© Simon Gosselin
Théâtre du Nord

Christophe Rauck tire sa révérence en beauté

par PAUL K’ROS
Publié le 29 mars 2021 à 11:30

Imaginez que vous êtes bien installé dans la salle du théâtre du Nord, regardant la dernière création de Christophe Rauck, Dissection d’une chute de neige. Je sais, c’est interdit. Les théâtres restent dramatiquement fermés tout en étant depuis quelque temps fort heureusement très occupés.

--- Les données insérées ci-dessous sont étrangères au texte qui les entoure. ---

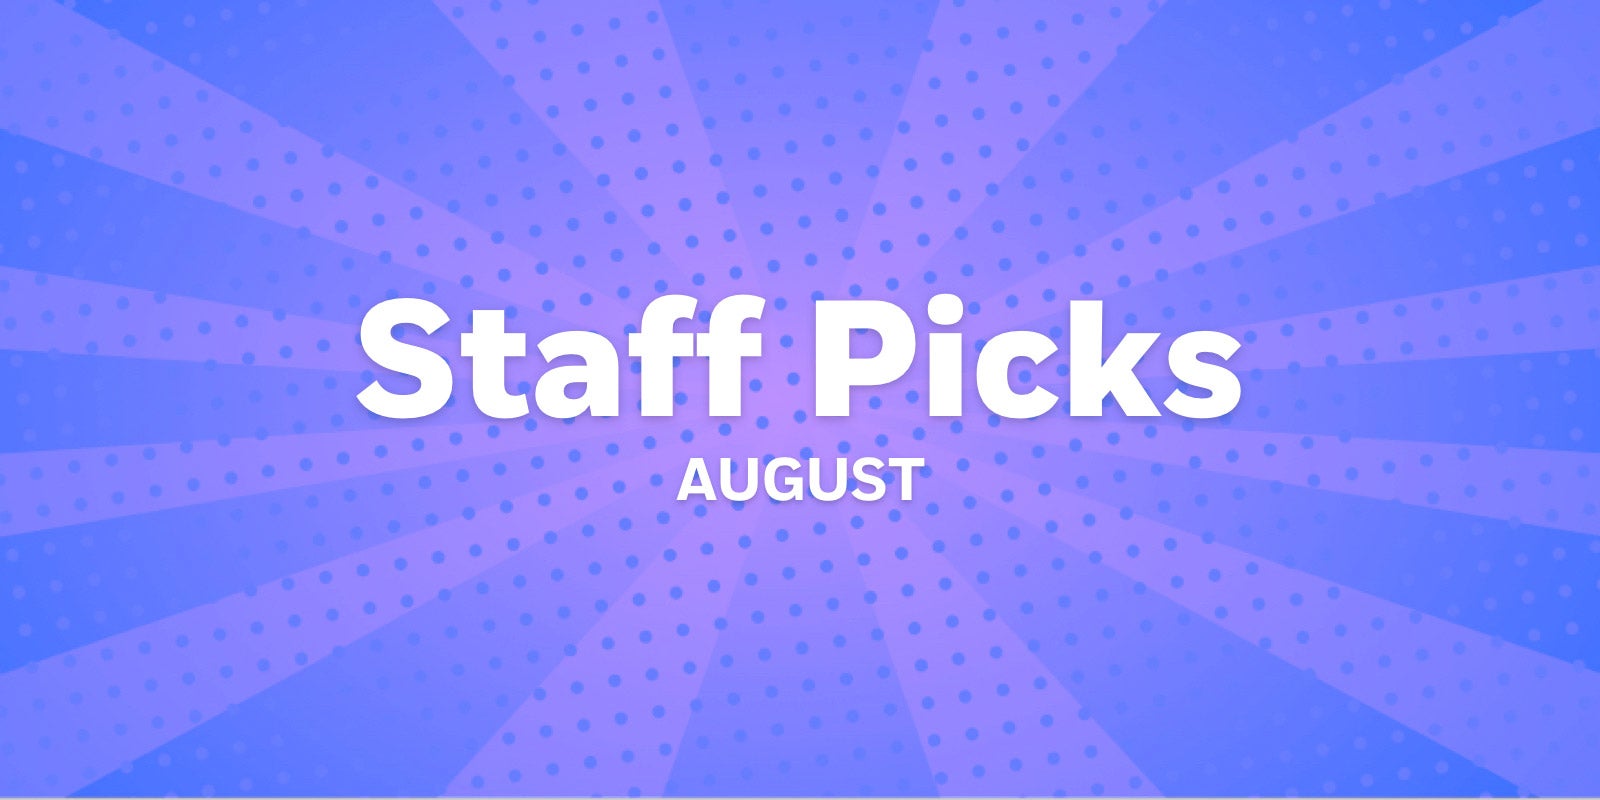 Staff Picks for August 2021
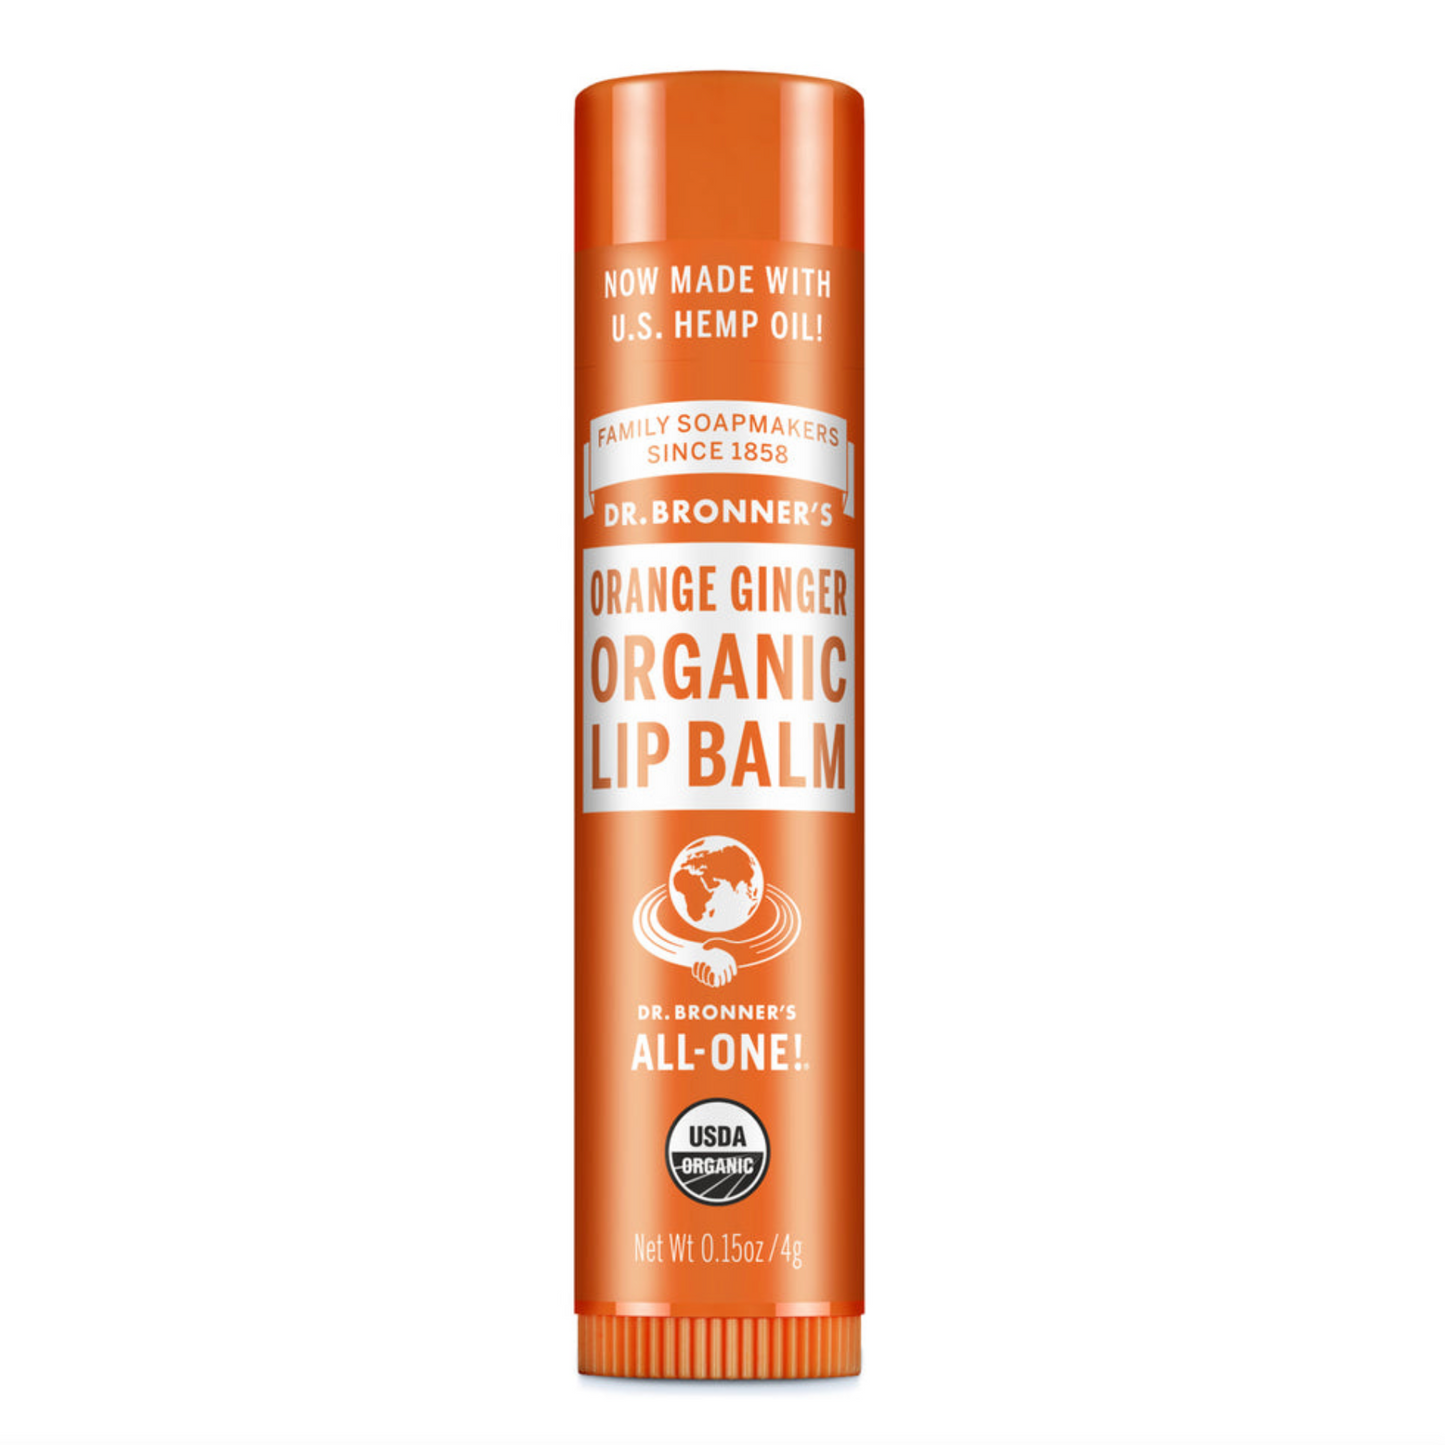 Dr Bronner's Organic Lip Balm 4g, Orange Ginger Flavour Soothes & Protects

Imaginez quand même que 2 h 10 durant vous allez être confronté aux choix de vie d’une femme-roi, Christine de Suède, gratifiée nous dit-on d’un physique ingrat, ayant effacé en elle toute féminité, dotée d’une vive intelligence et d’une grande culture au point de vouloir faire de Stockholm la nouvelle Athènes, y invitant les plus grands penseurs et philosophes de son temps tel Descartes puis abdiquant après dix ans de règne pour courir l’Europe, libre d’attaches et de mœurs, et mourir à Rome. C’est cette histoire transfigurée par la romancière suédoise Sara Stridsberg qui nous est ici contée. De prime abord, le temps de prendre place dans la salle, un rang sur deux, un siège sur trois, l’espace scénique semble encombré d’un immense miroir convexe renvoyant aux spectateurs leur propre image puis, après un temps de noir absolu, il apparaît vite que le miroir en question n’est autre qu’une sorte de long couloir-cage de verre. Ce promenoir enneigé servira d’exutoire au feu croisé des directives, commandements, pensées et sentiments des protagonistes et à l’étalage des contradictions sur le pouvoir, la domination, l’amour, la féminité, le genre, les sens nous renvoyant ainsi à nos propres questionnements cependant qu’un cercle de lumière ouvert en avant-scène offrira par intermittence un espace propice aux controverses visant une plus grande liberté.

La femme-roi abat ses cartes

Marie-Sophie Ferdane, toute de pâleur longiligne, un rien androgyne, nous surprend de ses mille facettes de femme-roi, tantôt fugacement enfantine, tantôt autoritaire, cassante, cruelle jusqu’au sang, tantôt chasseresse fougueuse à l’assaut de sa dame de compagnie-amante pour un orgasme au pistolet, tantôt encore virevoltante comme enivrée des joutes de l’esprit avec le philosophe. Toujours autoritaire cependant et soucieuse de conserver ses privilèges royaux, « la reine s’en sortira toujours… » même après avoir abdiqué. Quelle performance ! Les autres personnages gravitent autour d’elle et n’en pensent pas moins, à commencer par son défunt père Gustave II tué sur le champ de bataille dont les apparitions un rien shakespeariennes (Thierry Bosc, truculent de rusticité nordique moyenâgeuse) donnent à la pièce son singulier ancrage en ce pays lointain de chasseurs d’ours battu par la froidure, les vents et les marées. La mère Maria Eleonora (Murielle Colvez) en partance perpétuelle, éloignée de sa fille pour cause de néfaste influence, évincée des cercles du pouvoir, pour des raisons de pouvoir justement, trimballe sa valise à roulettes et ses souvenirs avec élégance et une certaine grandeur. Le pouvoir personnifié ici par un seul personnage en costume anthracite (Christophe Grégoire, froidement calculateur comme un actionnaire de fonds de pension ou un PDG de multinationale) tire les ficelles dans l’ombre, veille au grain et à la perpétuation de l’ordre établi. En contrepoint, l’amante surnommée Belle (Carine Goron, légère et douce comme un flocon de neige) imprime une insouciance aimante bienveillante qui sera vite réprimée pour raison d’État. Descartes, le philosophe (Habib Dembélé, habile discoureur et fin dissecteur des consciences en blouse blanche de clinicien des âmes), ne fera toutefois pas long feu en ces froides contrées victime d’une congestion pulmonaire deux mois après son arrivée. Quant à Love, l’ami d’enfance et cousin germain, amoureux avec arrière-pensées (Emmanuel Noblet, prétendant empressé et maniéré sanglé dans un costume pétant bleu pétrole) il aura la chance, mais ne le sait pas encore, de succéder sur le trône à celle qui repousse ses avances. L’écriture ciselée de Sara Stridsberg tranche dans le vif des idées et vous interpelle de bout en bout. Après sept années à la direction du théâtre du Nord, Christophe Rauck tire sa révérence avec une de ses plus belles réalisations. Souhaitons que le public puisse en bénéficier très rapidement.

Dissection d’une chute de neige de Sara Stridsberg, mise en scène Christophe Rauck, création au théâtre du Nord le 16 mars 2021 (représentations professionnelles). Une captation du spectacle réalisée par France culture sera diffusée dimanche 25 avril à 20 h dans l’émission Fictions/Théâtre et Cie.